City approves construction of next phase of Riverwalk Trail

BUCKHANNON – Slowly but surely, the Elizabeth J. ‘Binky’ Poundstone Riverwalk Trail is inching southward along Route 20.

Following Buckhannon City Council’s approval of the construction of Phase 4 of the trail at its Thursday, Aug. 20 meeting, another 1,900 feet will extend the trail from its current end point at the Poe Bridge to Monongalia Street.

Council approved a resolution officially supporting the construction of the newest 1,900 feet of the popular biking and walking path at the request of city engineer Jay Hollen.

Hollen said Phase 4 construction of the Riverwalk as Federal Highway Administration Transportation Alternatives Project would be funded by approximately $192,000 in federal funding with a $48,000 largely in-kind contribution from the City of Buckhannon.

Hollen said he’s preparing to walk Phase 4 with representatives from the West Virginia DOT’s Division of Highways crew in two weeks.

“The reason I brought this today is that the grant is complete short of this and some support letters,” Hollen told council. “It must be submitted by Sept. 8.”

The new footage will cost $240,785.89 – $192,628.71 of which the Federal Highways Administration will foot the bill for and $48,157.19 the city will fund via an 80/20 split.

“If anybody has any questions about where it’s going to go, it’s going to go from the Poe Bridge where the current walking trail ends to parallel the railroad tracks until we get to Preston Street,” Hollen explained. “Then, we’ll take a right-hand turn, and that’ll bring us to Wood Street at the Water Treatment plant. Then it’ll take a left-hand turn, and head toward the old armory and go down Wood Street until Monongalia.”

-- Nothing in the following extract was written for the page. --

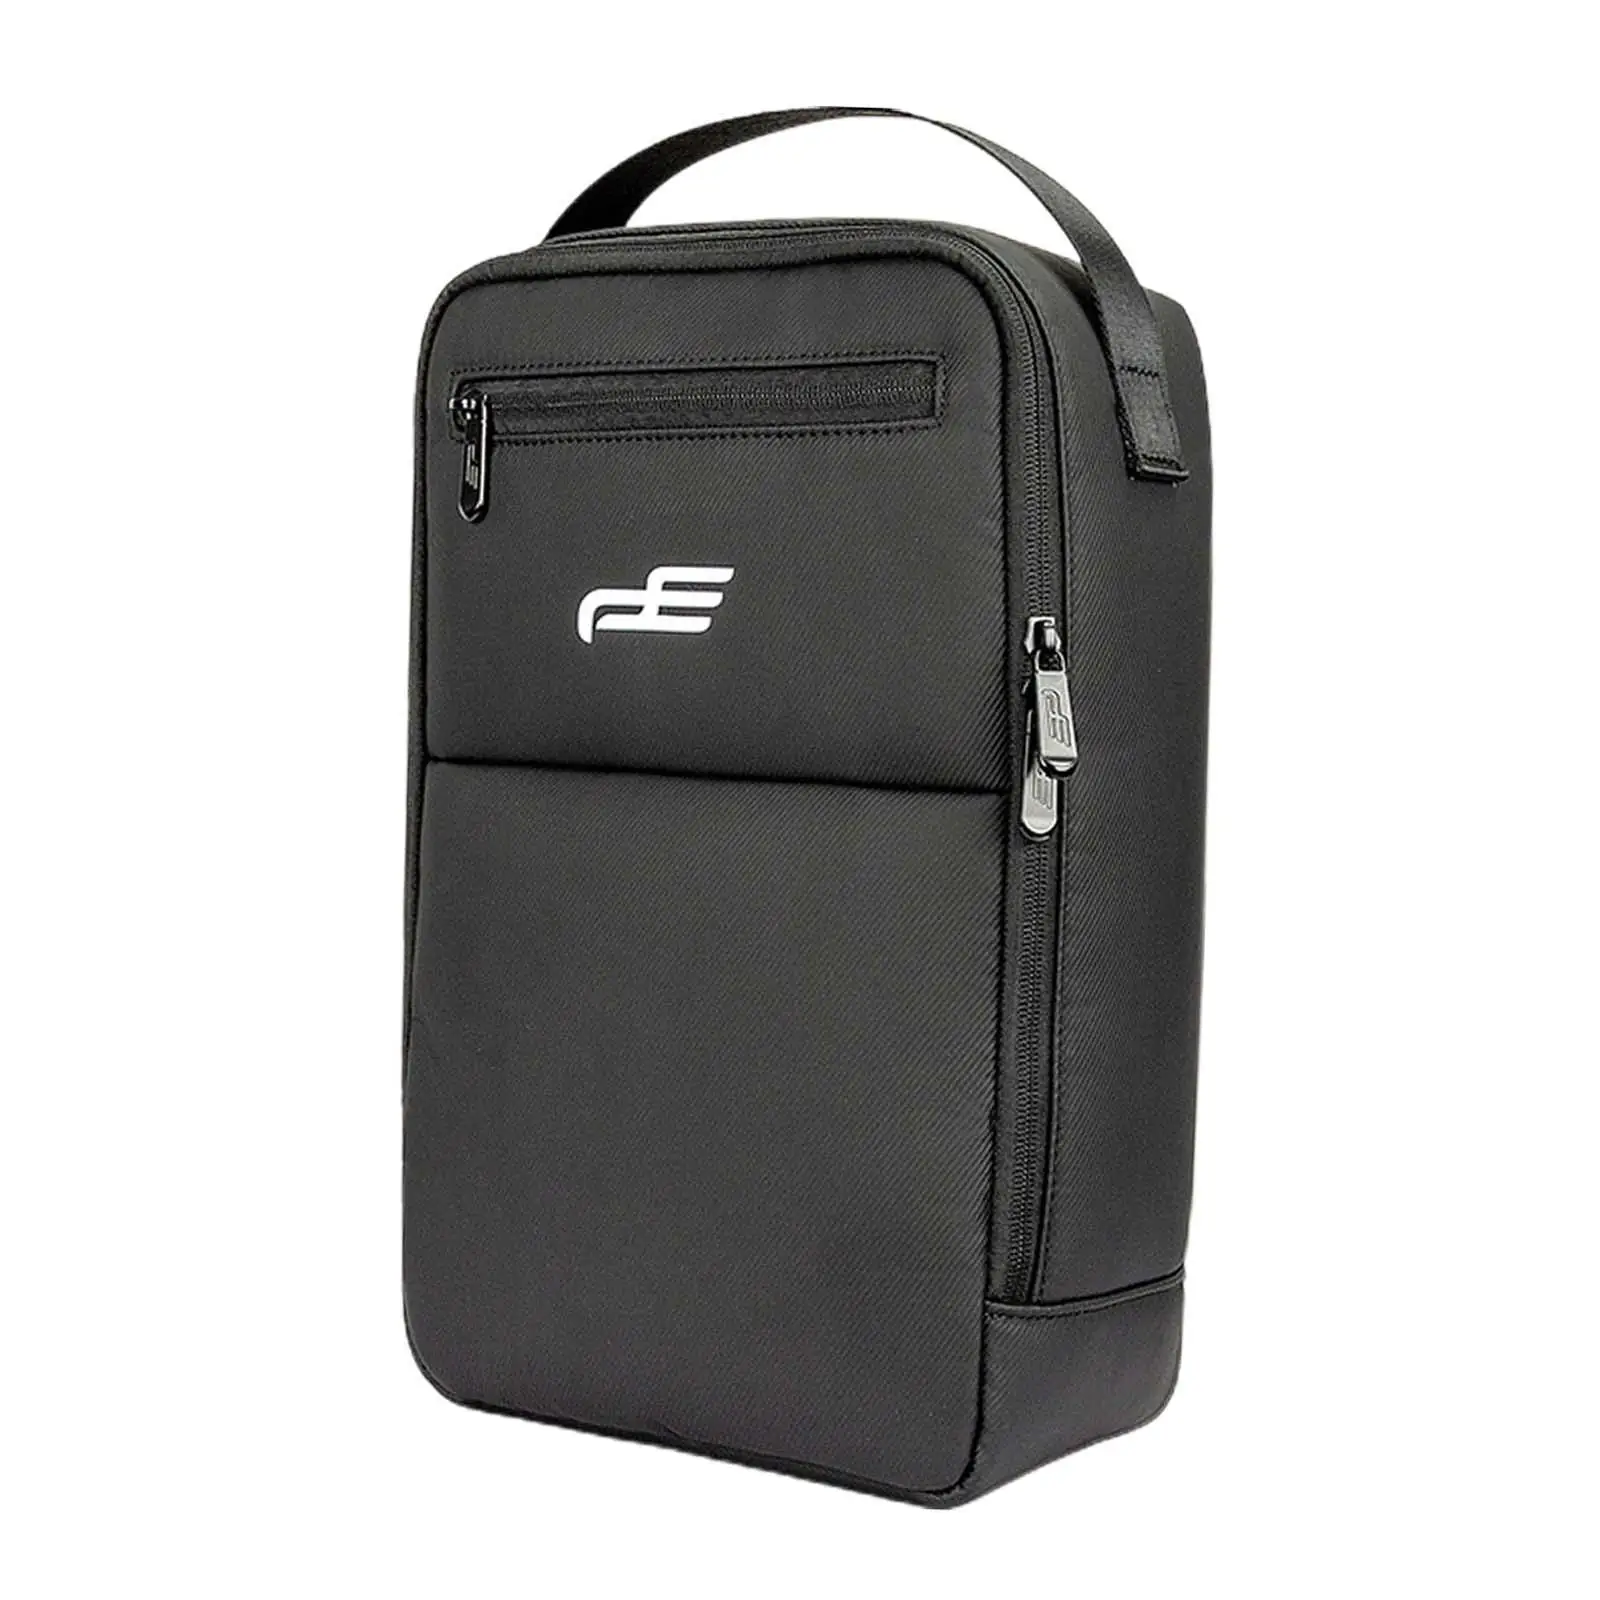 Golf Shoes Bag Durable Shoe Storage Bag with External Pocket for Accessories

“It’s going to be about a total of 1,900 feet,” Hollen added, noting the pathway will be an 8-foot-wide mix of concrete and asphalt.”

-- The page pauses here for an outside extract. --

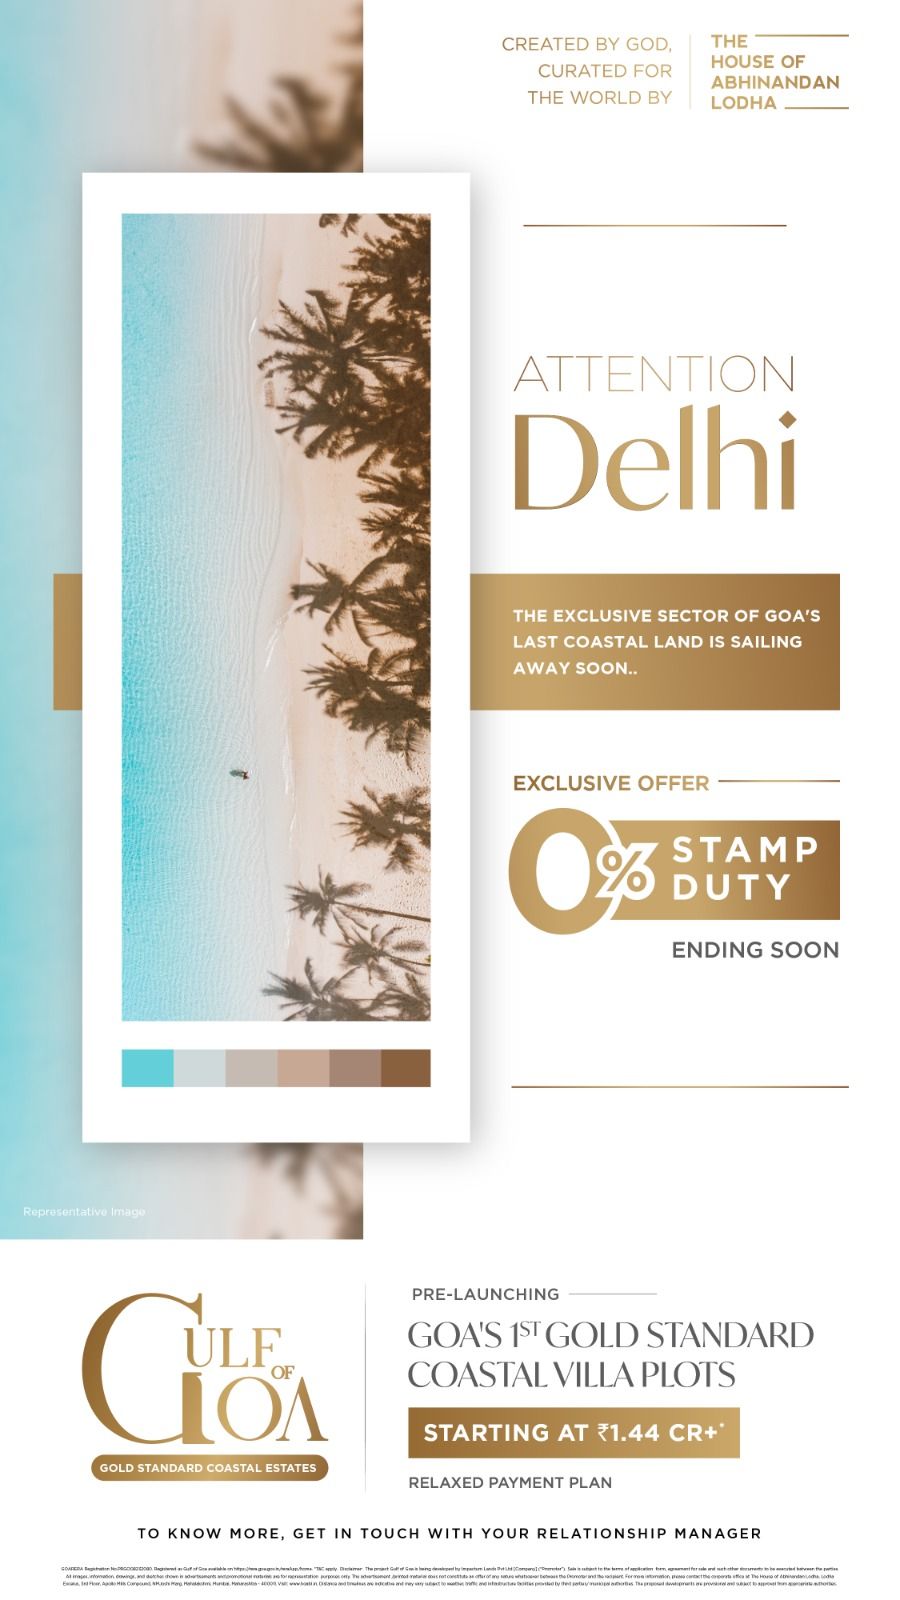 Exclusive offer 0% stamp duty at Gulf Of Goa

Hollen said he doesn’t anticipate getting a formal notice to proceed from the Division of Highways until after July 1, 2021, the start of the next fiscal year.

“Even though we don’t have that earmarked for this year, I wouldn’t anticipate receiving notice to proceed and allocations of funding until July 1 of 2021,” Hollen said, “so, if we would get that notice to proceed, we would have to find that somewhere in the budget.”

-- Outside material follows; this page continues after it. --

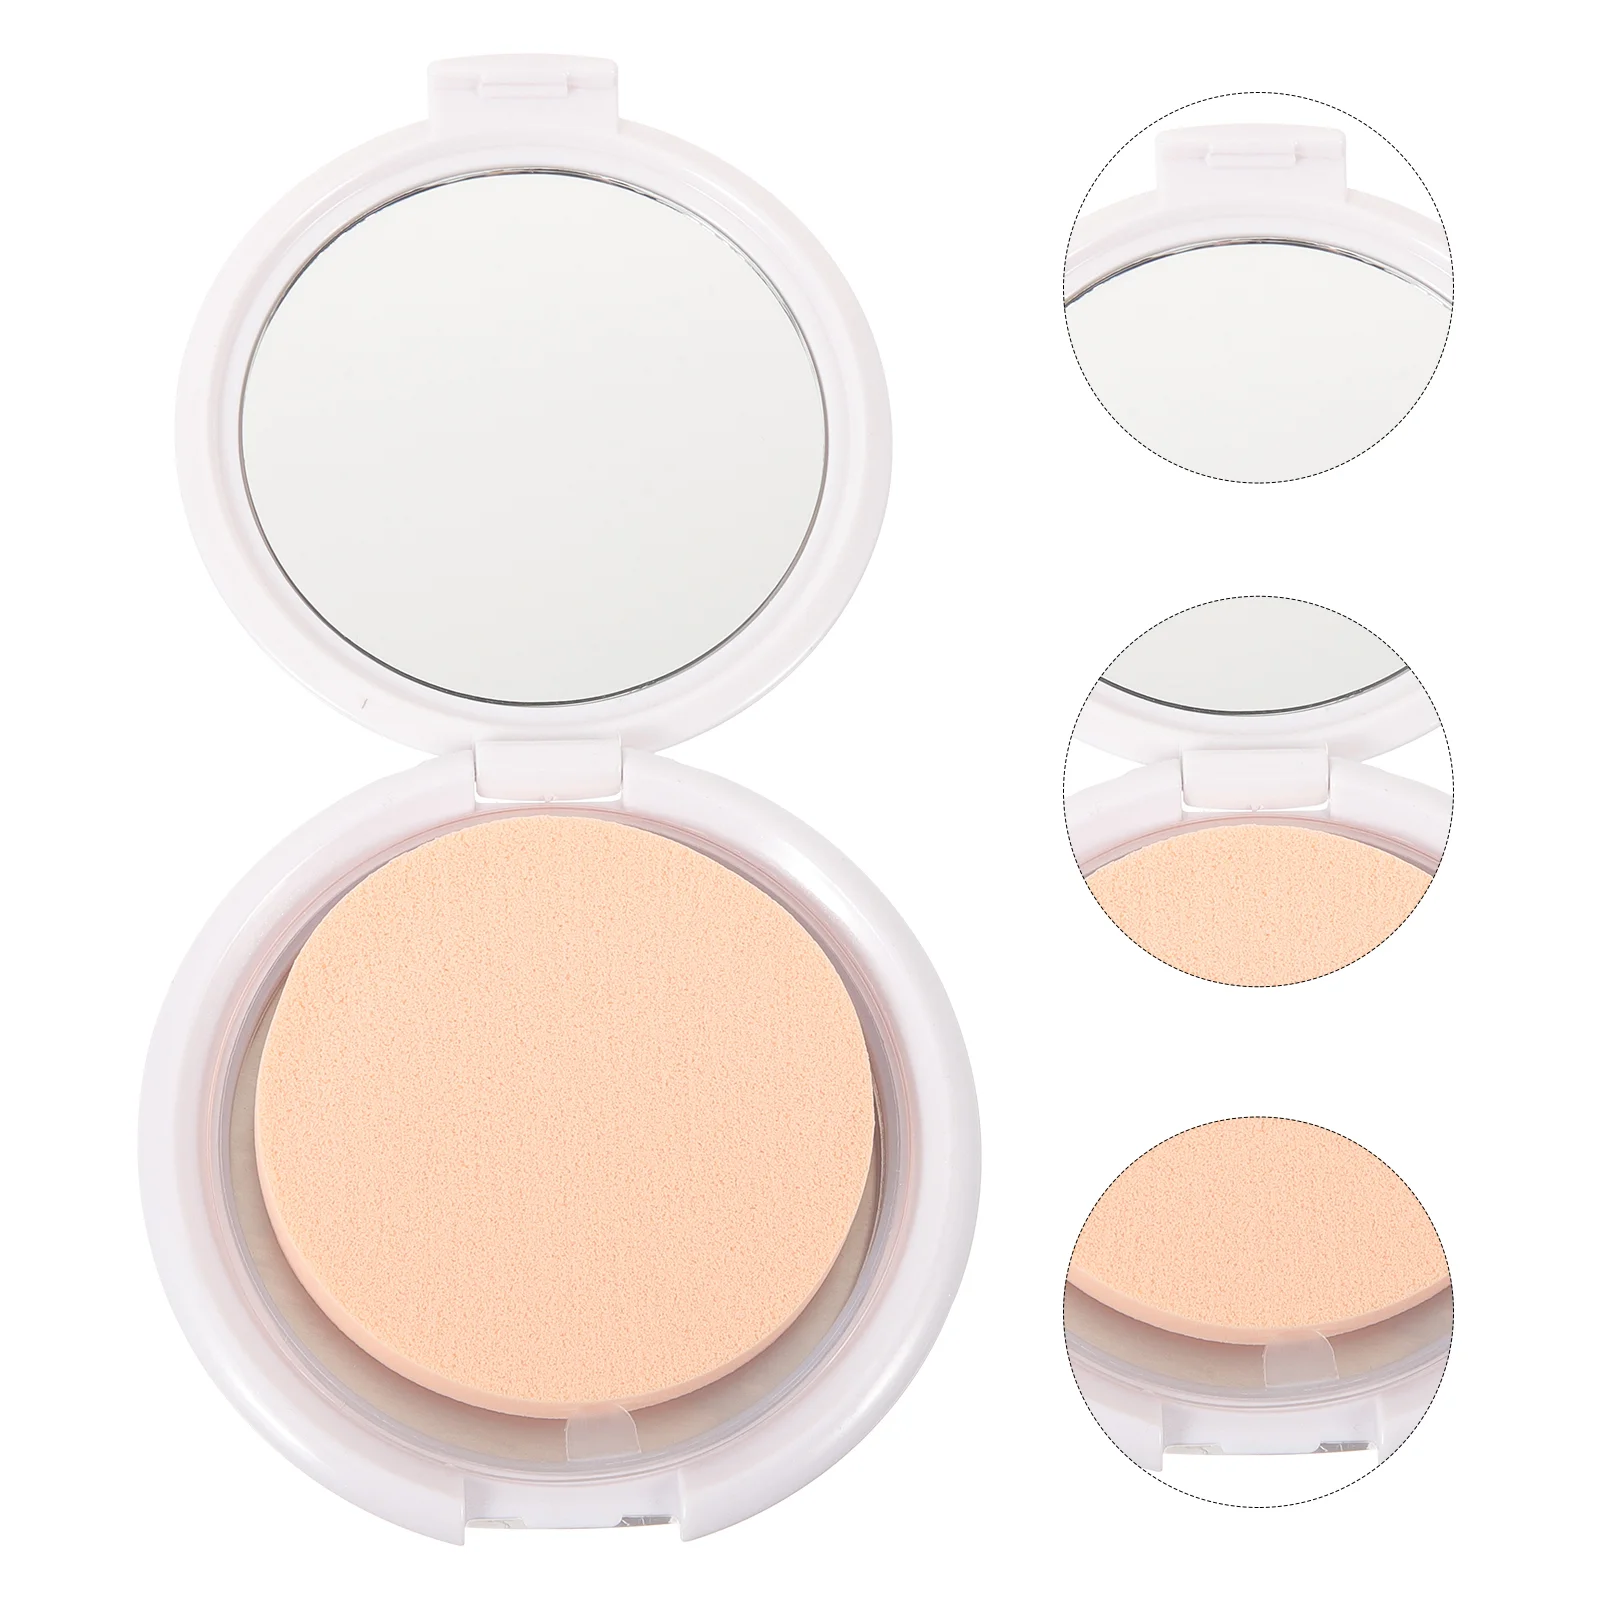 

2 Pcs Toiletry Containers Liquid Foundation Cream Travel Cushion Case Puff Makeup Empty Compact Sponge Bb

City finance and administrative director Amberle Jenkins said most of the city’s contribution will be in-kind, or labor.

“So, that’ll take quite a bit of that $48,000,” she said.

Resolution 2020-09 passed unanimously following a roll call vote.

Hollen additionally addressed what he said were “three major tears” in the roof of city hall, saying it would be prudent for city officials to select one of two temporary fixes to last through the winter prior to completely replacing the roof – hopefully during summer 2021.

“There are three major tears in the roof above the main part of city hall, which was the original post office part,” Hollen said. “The rubber membrane is off of the wall and off of the roof decking. It’s still intact, but it’s come away from the roof …. We’re looking at a 30-year-old roof that had a warranty and a membrane life of 15 to 20 years, so we’ve gotten our time out of that.”

Hollen said standing water and bees’ nests were found inside the worst of the three tears, which measured approximately 15 to 18 inches.

“The roofing contractor looked at it in August, and if we don’t replace the whole roof now, it’s definitely going to be an item that’s going to need to be done next year,” he said. “We have to replace the roof on the original post office portion of city hall.”

Hollen and public works director Jerry Arnold said they’d agreed that a more thorough $10,000 fix as opposed to a simple $5,000 patch job would buy the city about 10 months until the roof could be replaced. The cost of total replacement will range from $110,000 to $130,000 with a 20-year warranty, which would include replacing the wood underlaying.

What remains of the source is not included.